## Required work:
Repeat the following data exactly, omitting pictures.

## Collected data:
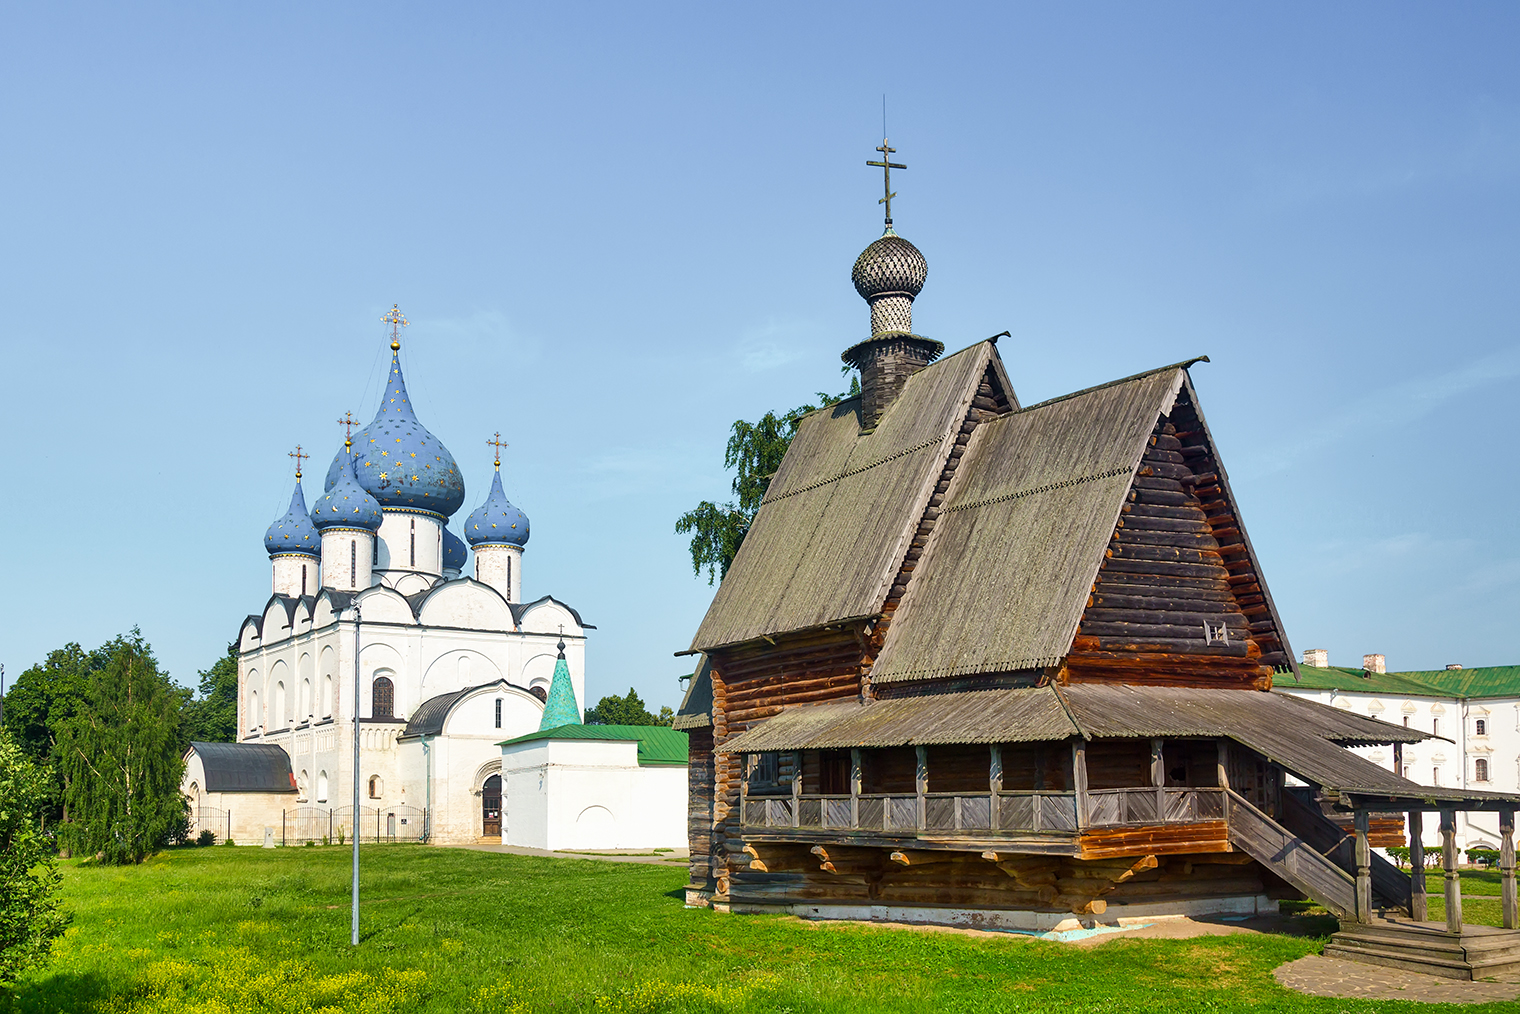 Удивительно, как на территории кремля соседствуют такие разные по стилю постройки. Фотография: Nick N A / Shutterstock / FOTODOM
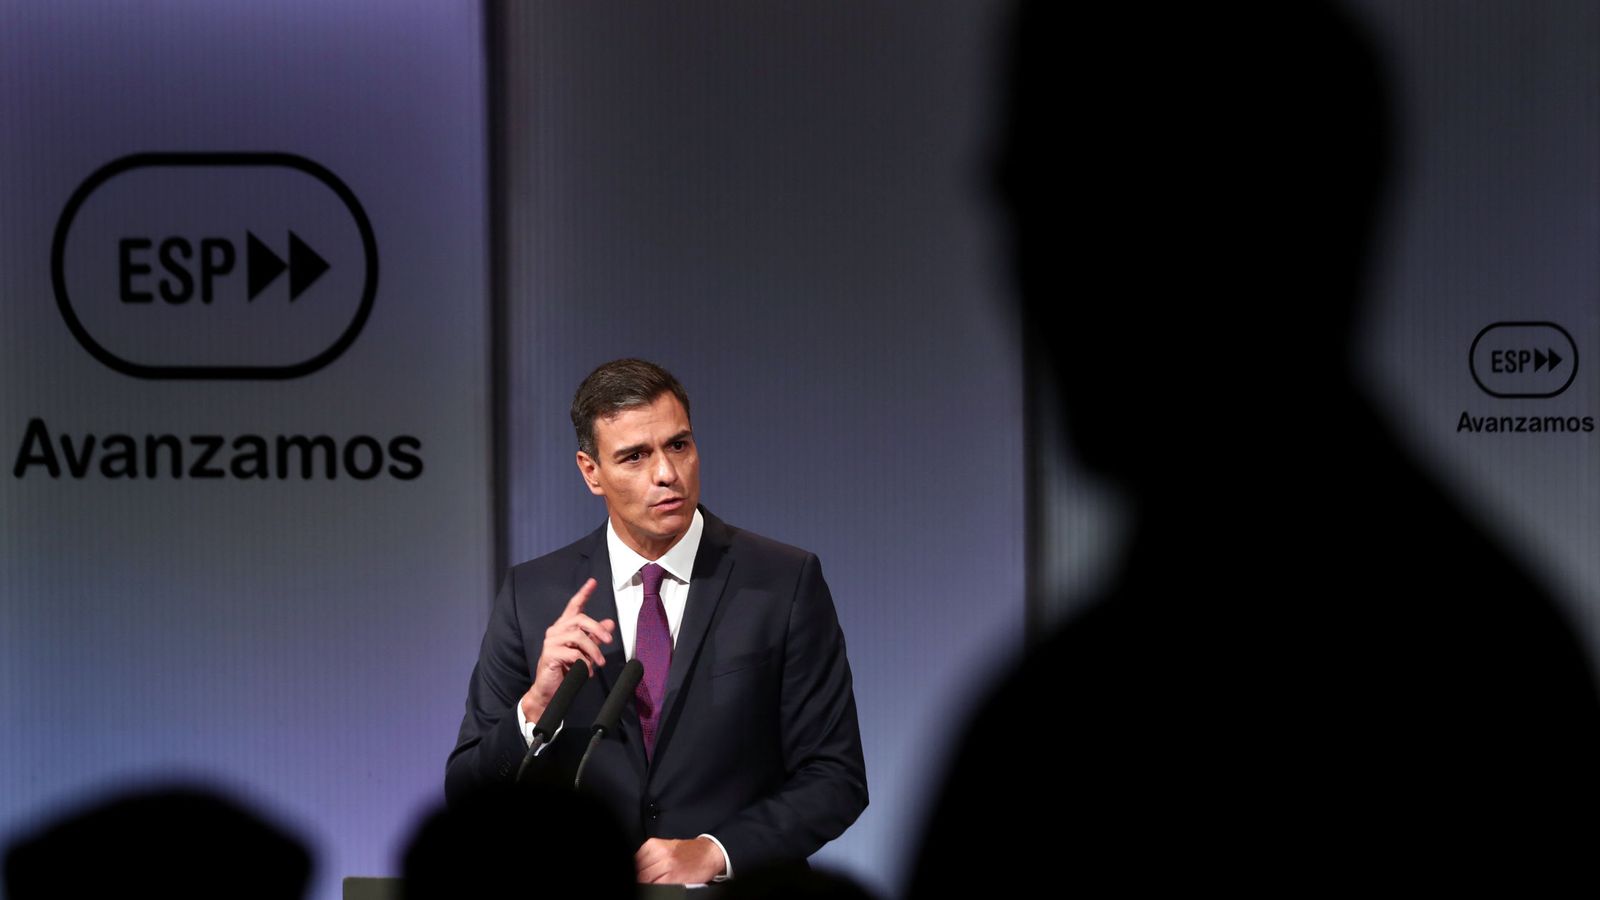 Foto: Pedro Sánchez, durante su discurso en el acto #Avanzamos, en la Casa de América de Madrid, este 17 de septiembre. (Reuters)
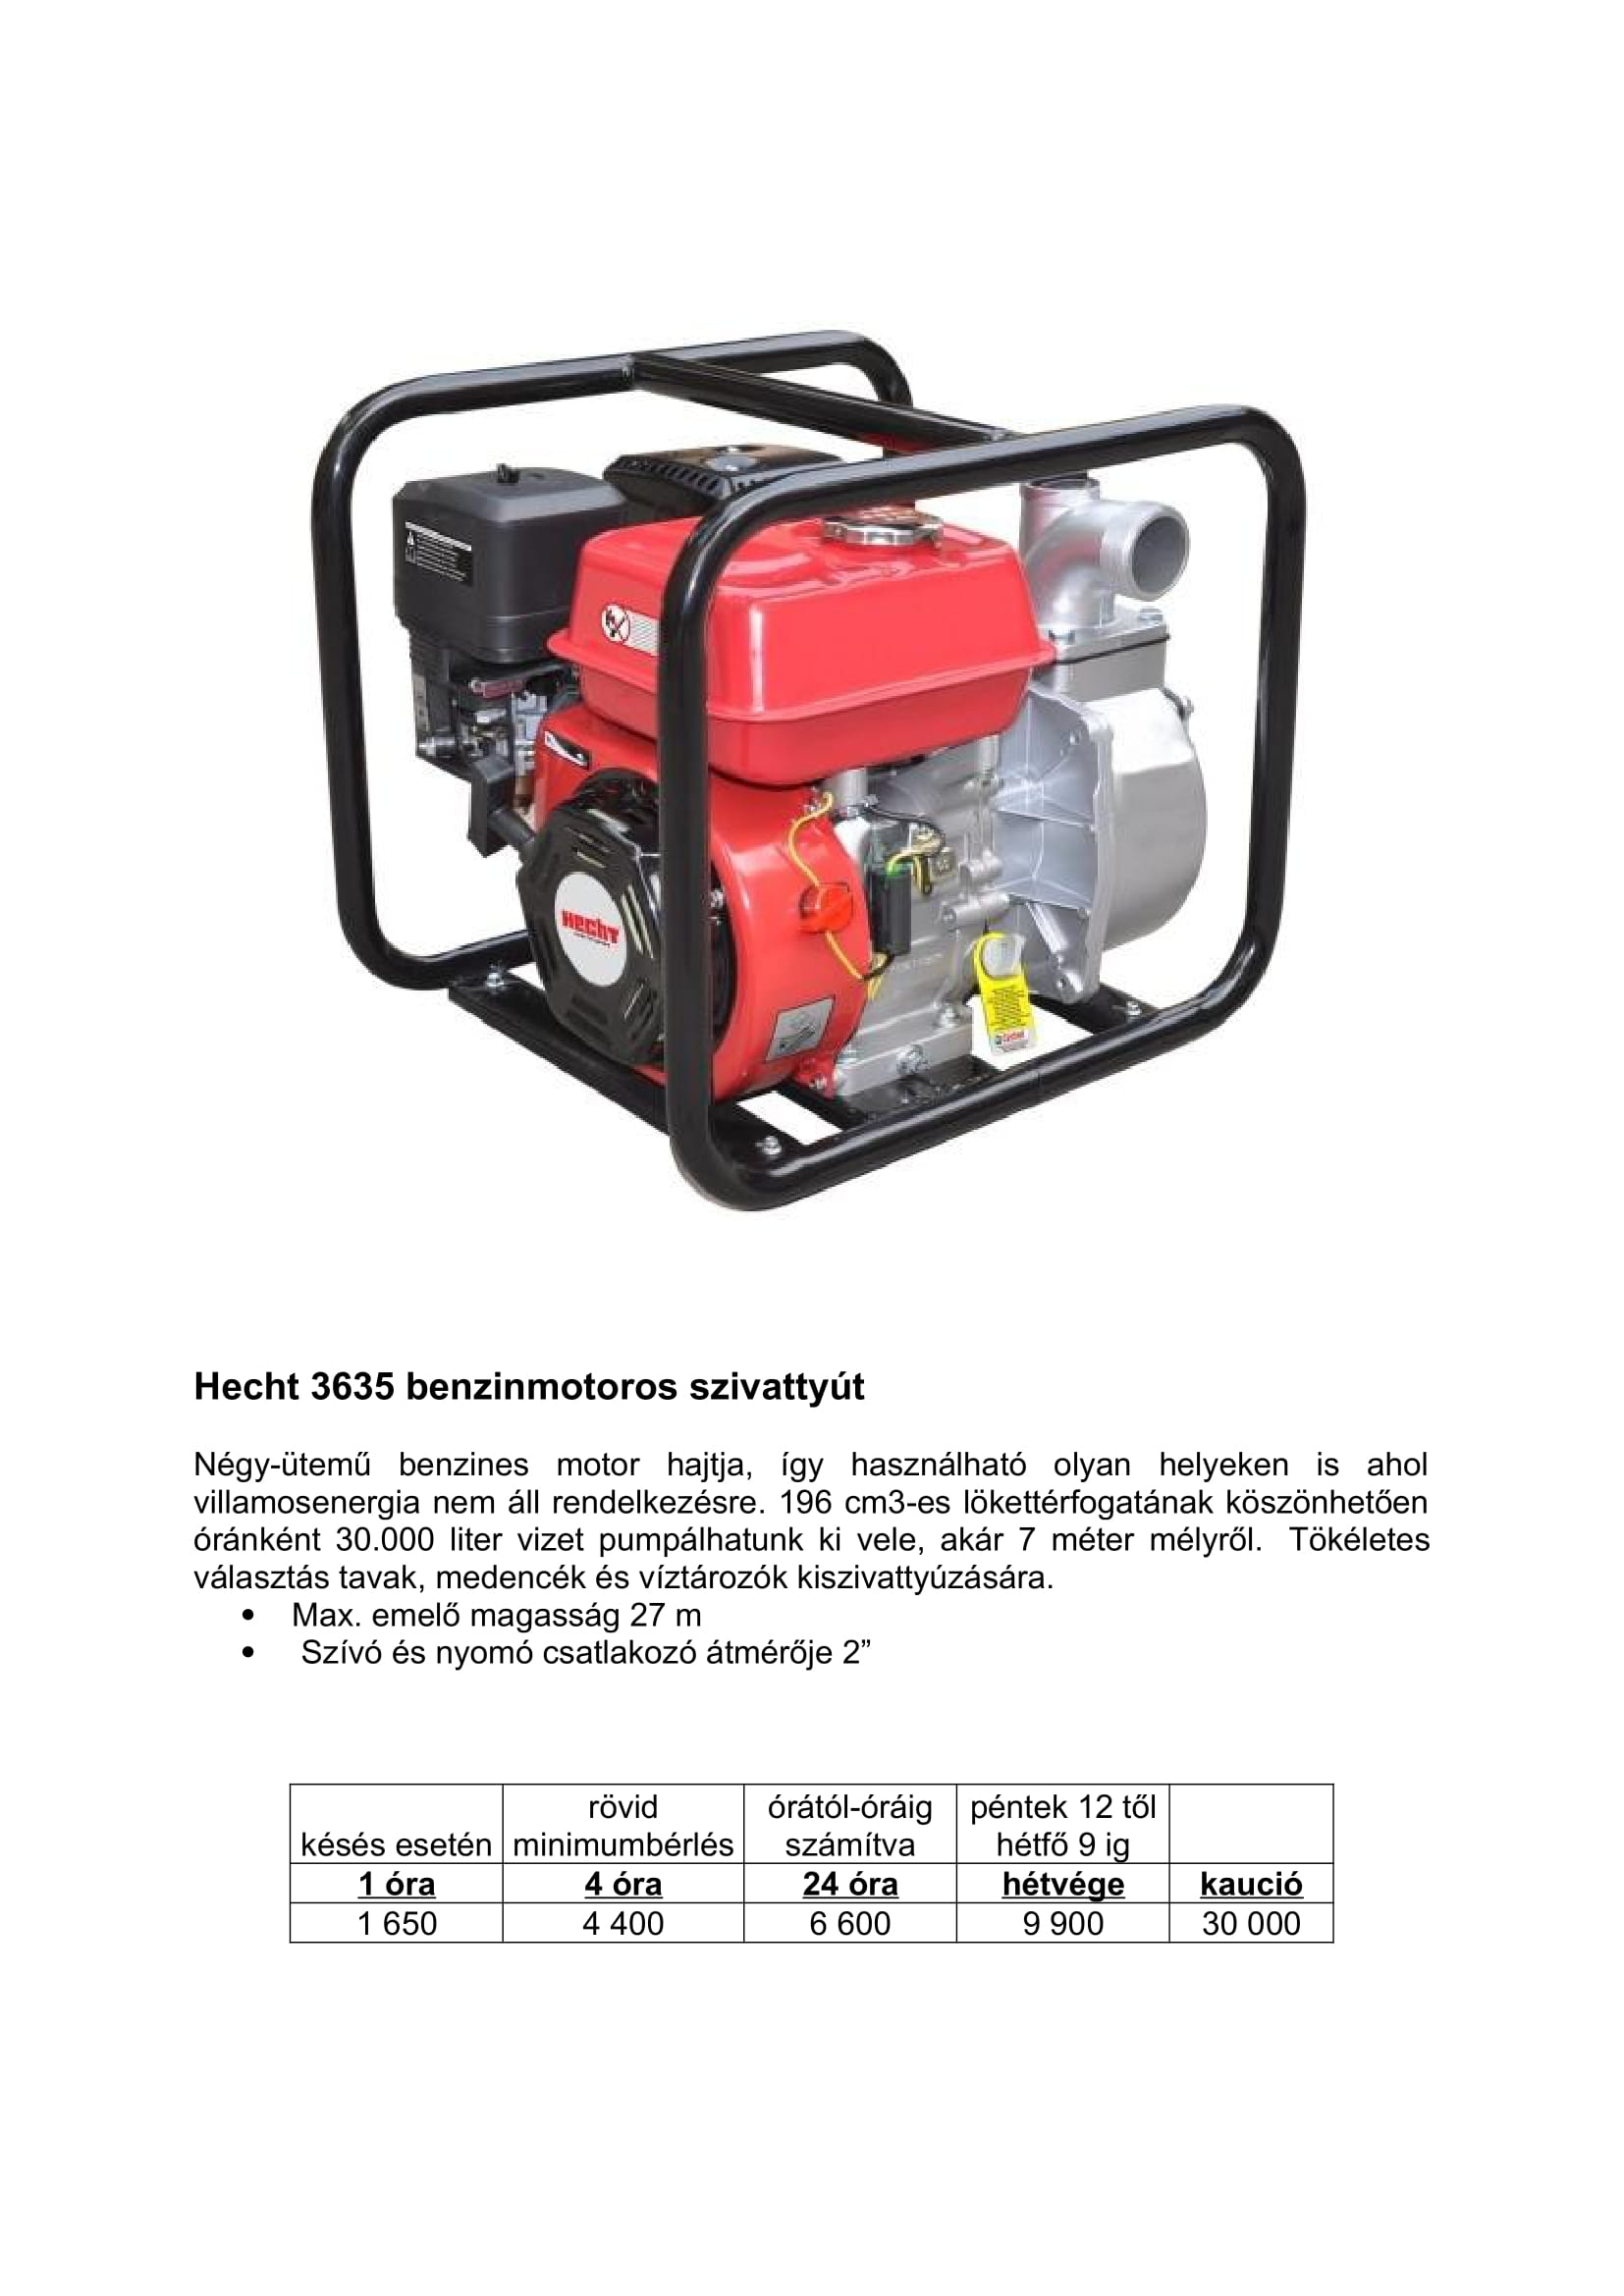 HECHT 3635 Benzinmotoros szivattyú-1

## Response to the task:
 Удивительно, как на территории кремля соседствуют такие разные по стилю постройки. Фотография: Nick N A / Shutterstock / FOTODOM
 Foto: Pedro Sánchez, durante su discurso en el acto #Avanzamos, en la Casa de América de Madrid, este 17 de septiembre. (Reuters)
 HECHT 3635 Benzinmotoros szivattyú-1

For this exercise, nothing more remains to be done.